The end of slavery in the United States inspired conflicting visions of
the future for all Americans in the nineteenth century, black and white,
slave and free. The black child became a figure upon which people
projected their hopes and fears about slavery's abolition. As a member
of the first generation of African Americans raised in freedom, the
black child--freedom's child--offered up the possibility that blacks
might soon enjoy the same privileges as whites: landownership, equality,
autonomy. Yet for most white southerners, this vision was unwelcome,
even frightening. Many northerners, too, expressed doubts about the
consequences of abolition for the nation and its identity as a white
republic.
From the 1850s and the Civil War to emancipation and the official end of
Reconstruction in 1877, Raising Freedom's Child examines slave
emancipation and opposition to it as a far-reaching, national event with
profound social, political, and cultural consequences. Mary Niall
Mitchell analyzes multiple views of the black child--in letters,
photographs, newspapers, novels, and court cases--to demonstrate how
Americans contested and defended slavery and its abolition.

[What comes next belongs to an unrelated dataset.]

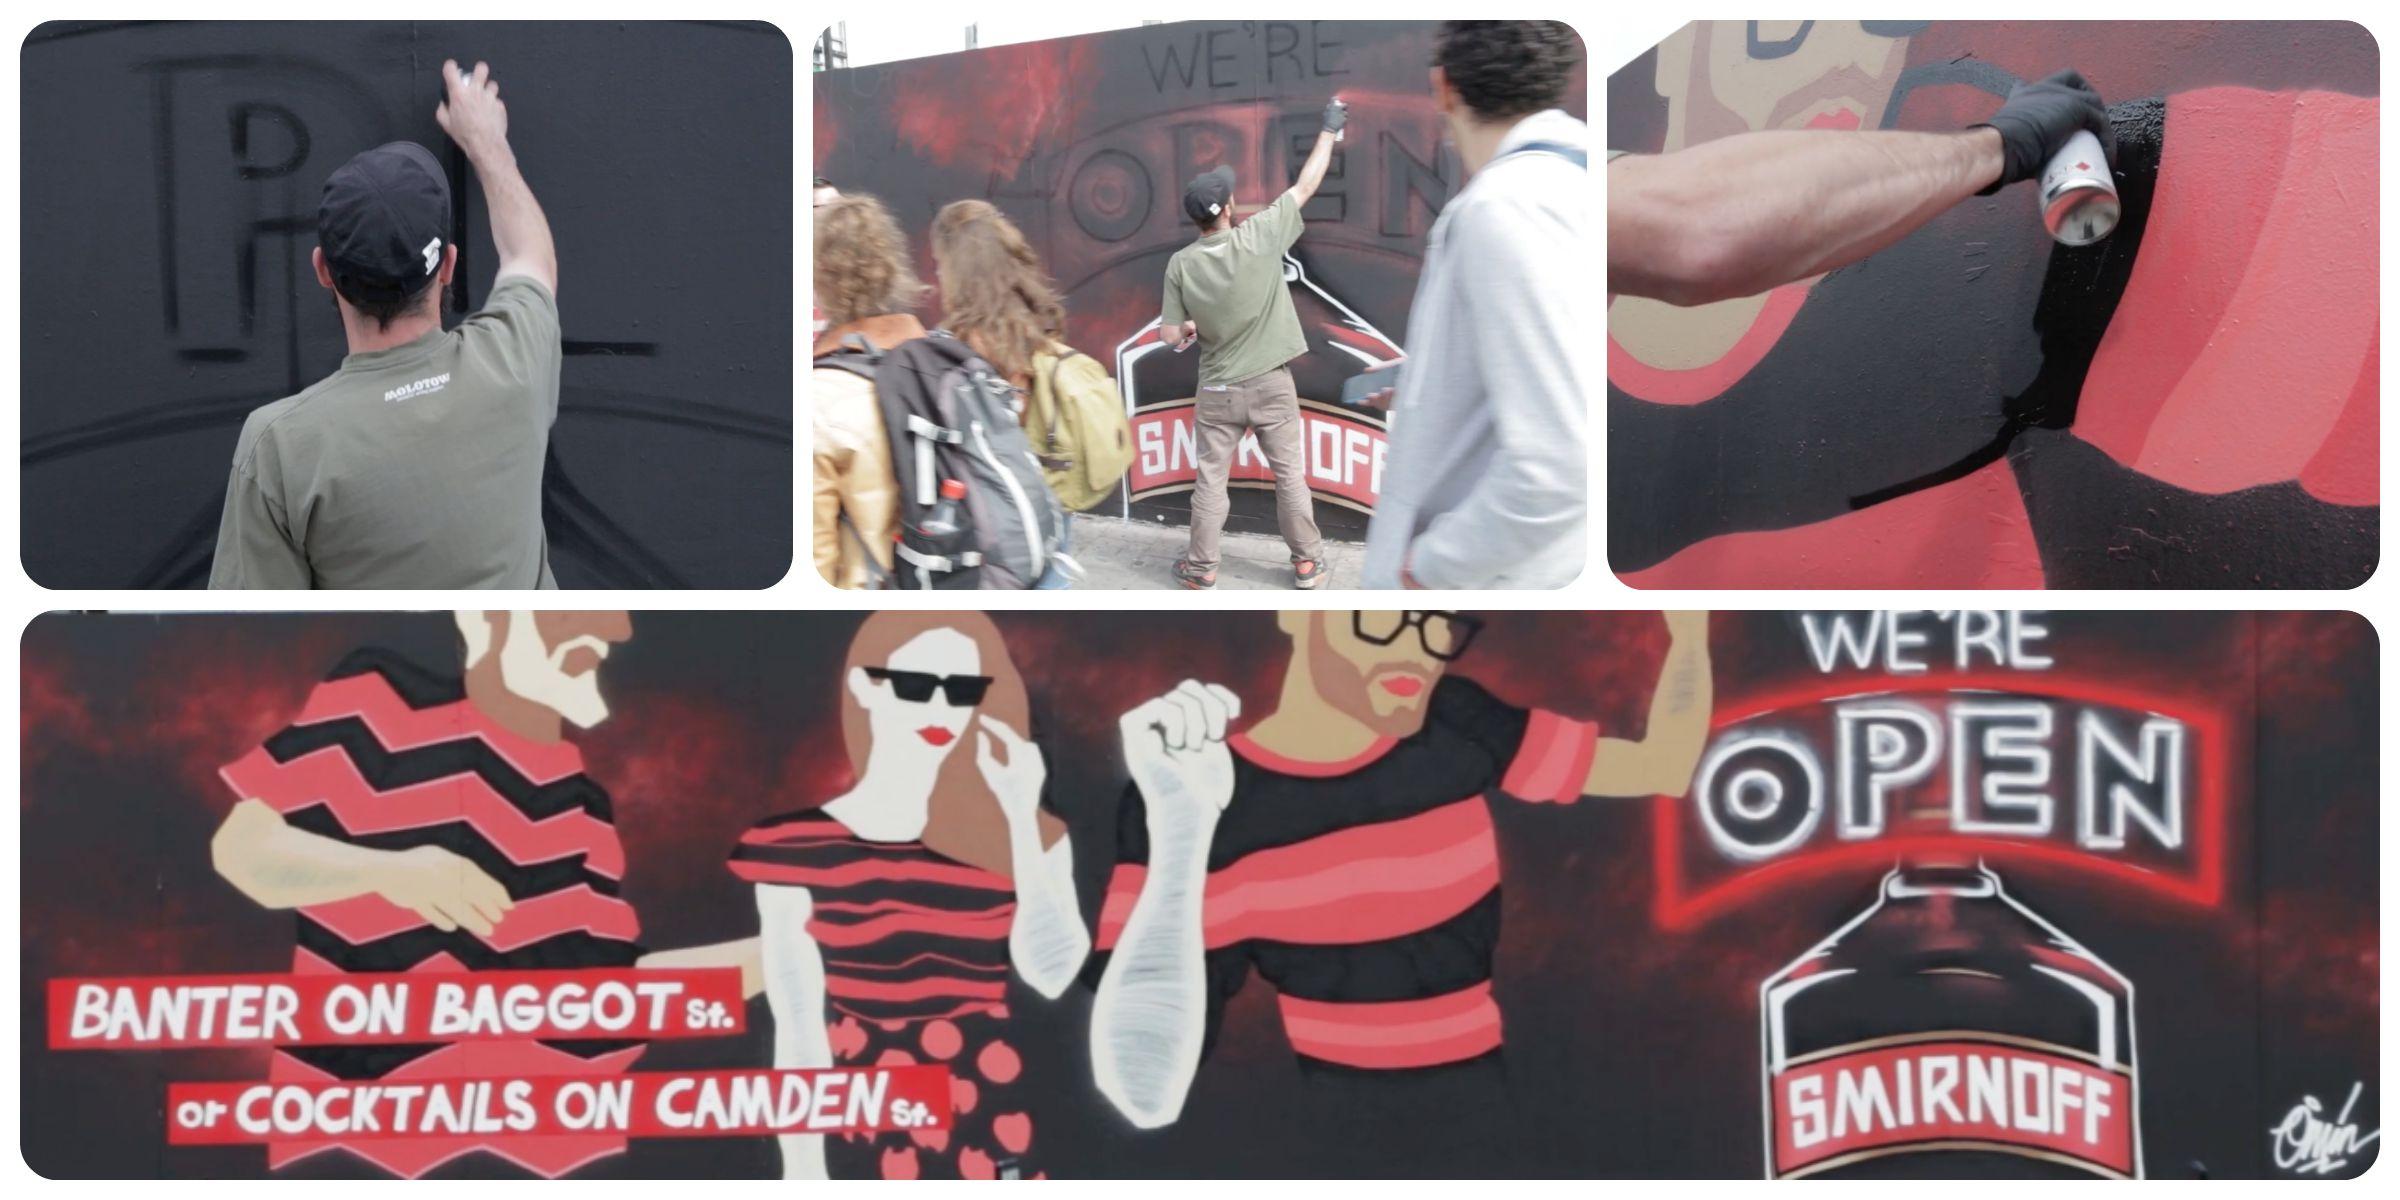 We're Open Collage 1.jpg

With each chapter, Mitchell narrates an episode in the lives of
freedom's children, from debates over their education and labor to the
future of racial classification and American citizenship.Raising
Freedom's Child illustrates how intensely the image of the black child
captured the imaginations of many Americans during the upheavals of the
Civil War era. Through public struggles over the black child, Mitchell
argues, Americans by turns challenged and reinforced the racial
inequality fostered under slavery in the United States. Only with the
triumph of segregation in public schools in 1877 did the black child
lose her central role in the national debate over civil rights, a role
she would not play again until the 1950s.